Supplied data.
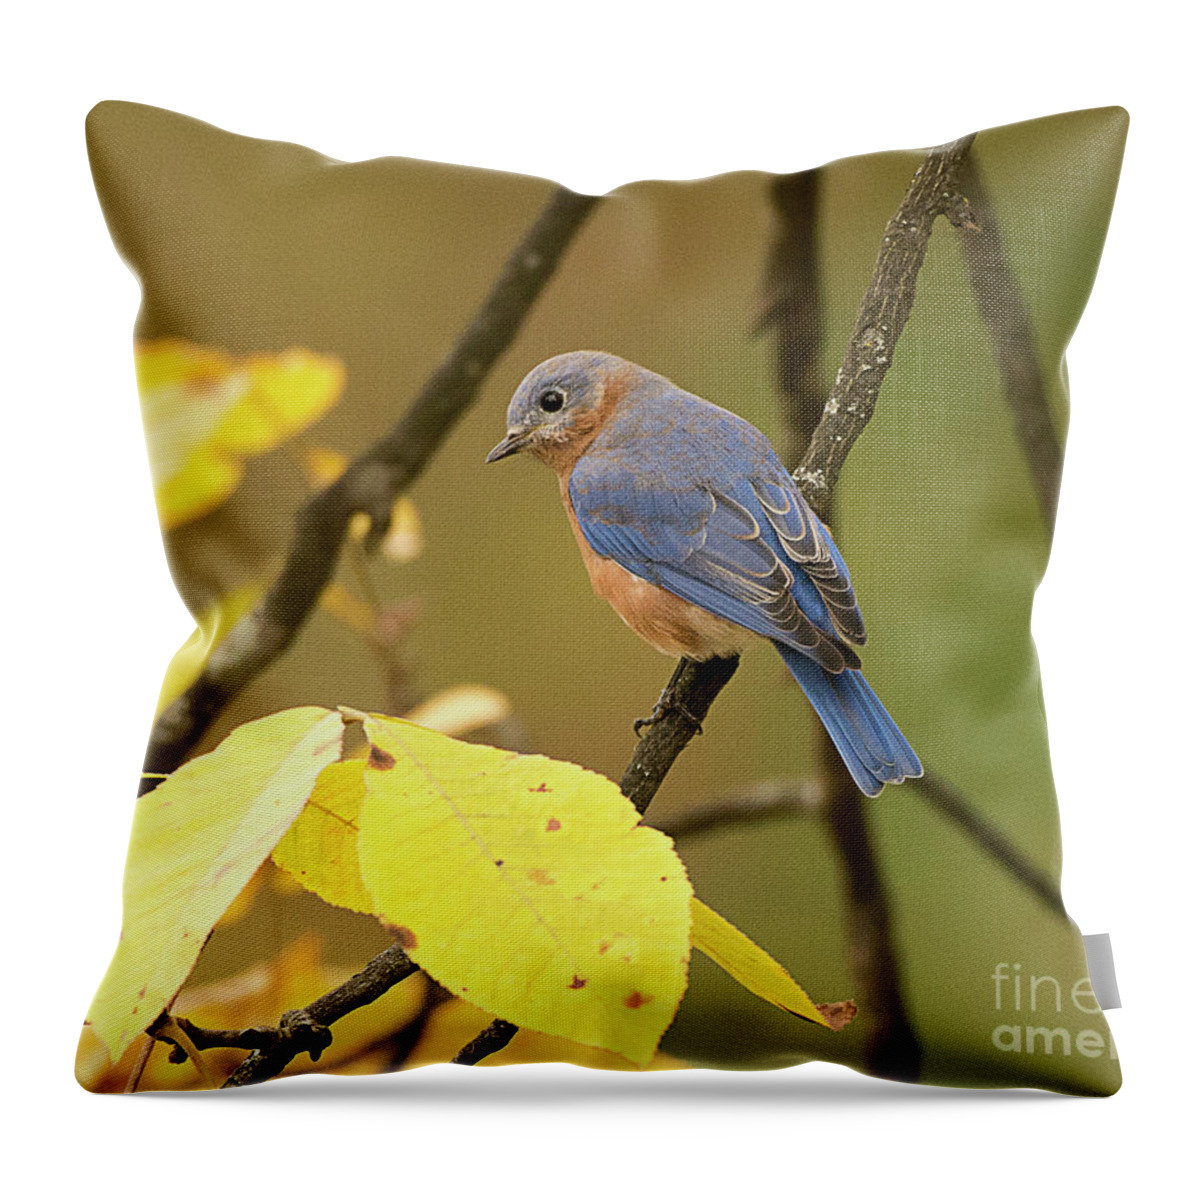 Bird Throw Pillow featuring the photograph Eastern Bluebird by Dennis Hammer
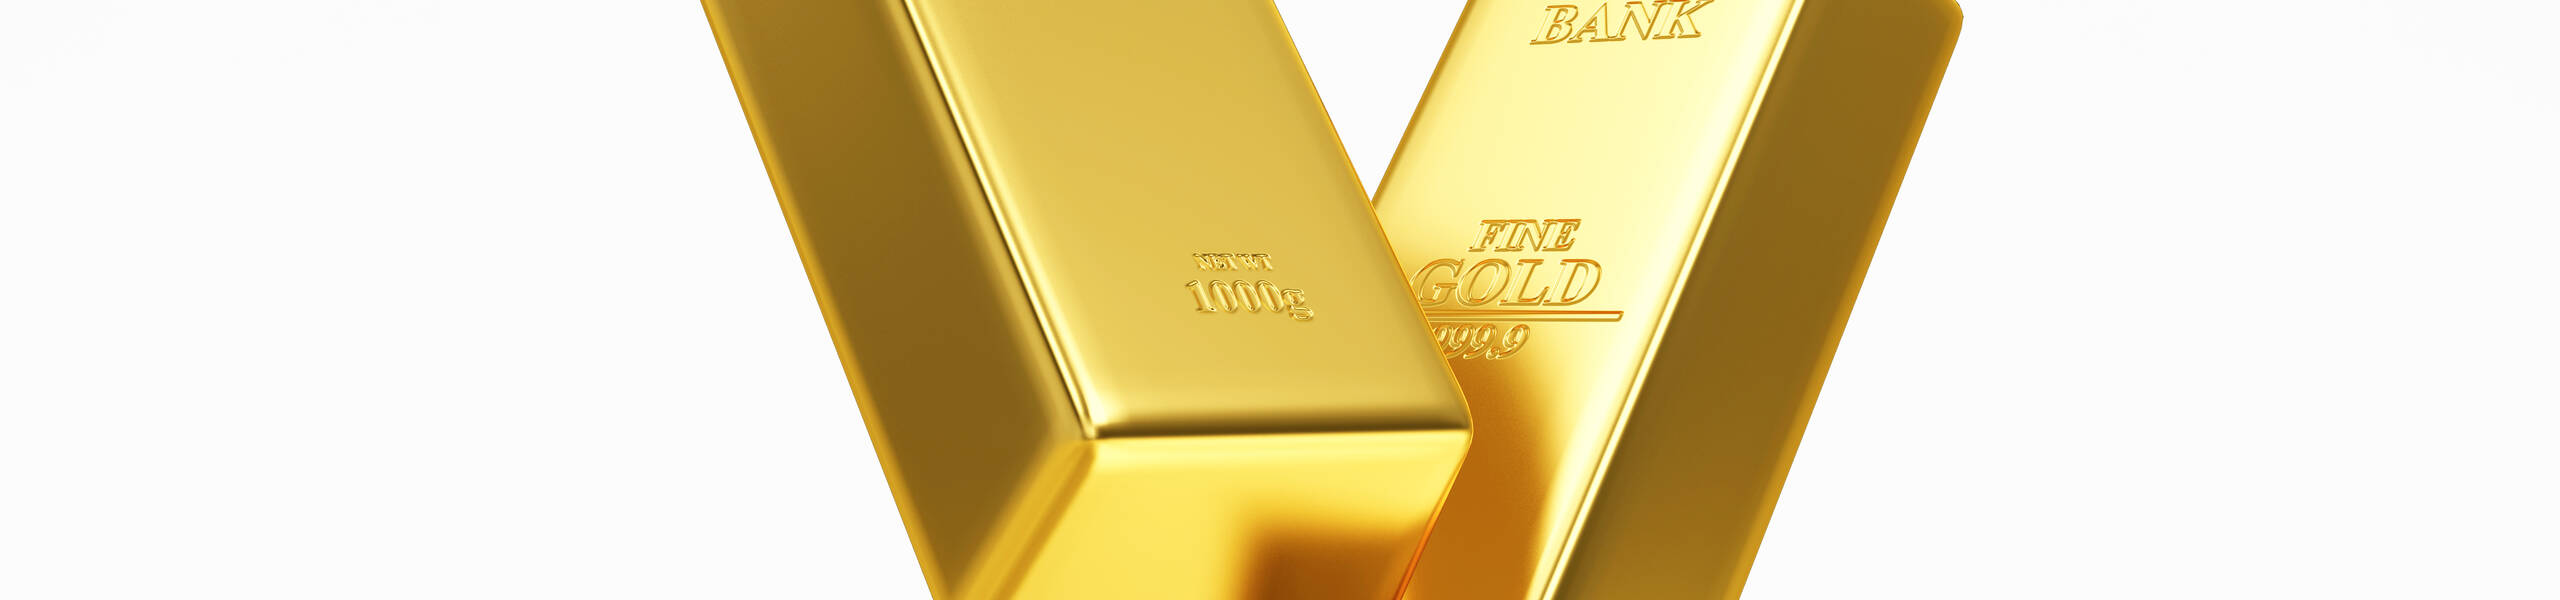 تقرير -  لماذا لم يفرح الذهب بالتضخم كما هو متوقع؟
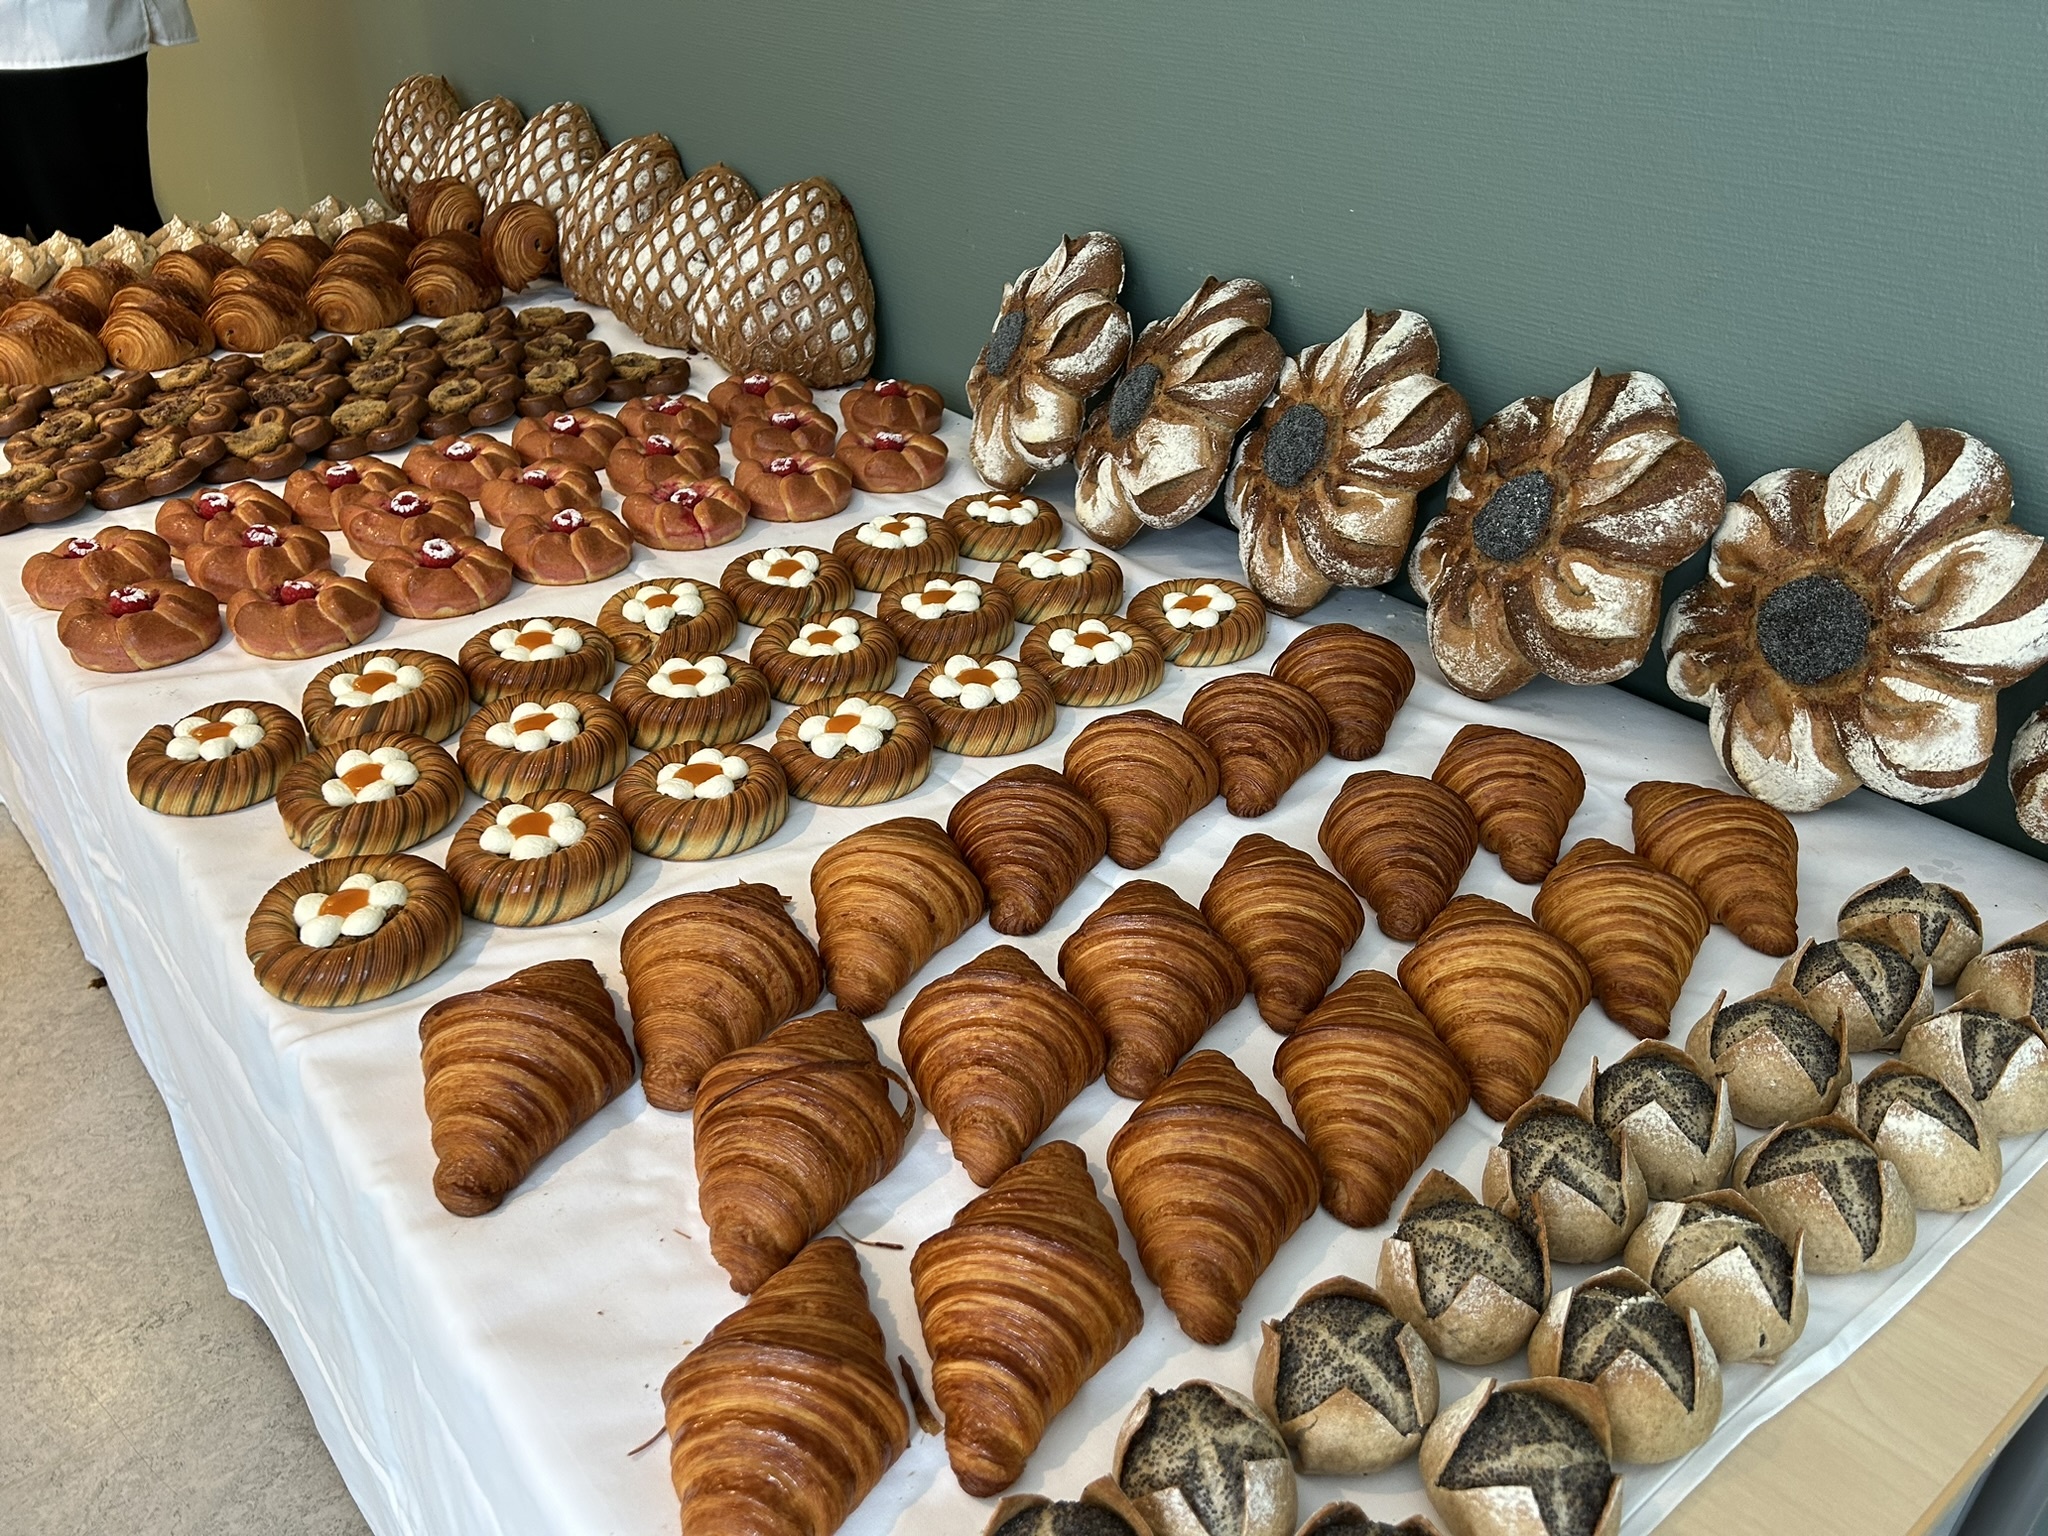 Produktene Philip Therkildsen leverte i konkurransen NM Årets Baker, ulike bakeriprodukter er oppstilt på et bord.

Try it. The data must come back word for word, with every picture removed.

Solution.
 Bird Throw Pillow featuring the photograph Eastern Bluebird by Dennis Hammer
 تقرير -  لماذا لم يفرح الذهب بالتضخم كما هو متوقع؟
 Produktene Philip Therkildsen leverte i konkurransen NM Årets Baker, ulike bakeriprodukter er oppstilt på et bord.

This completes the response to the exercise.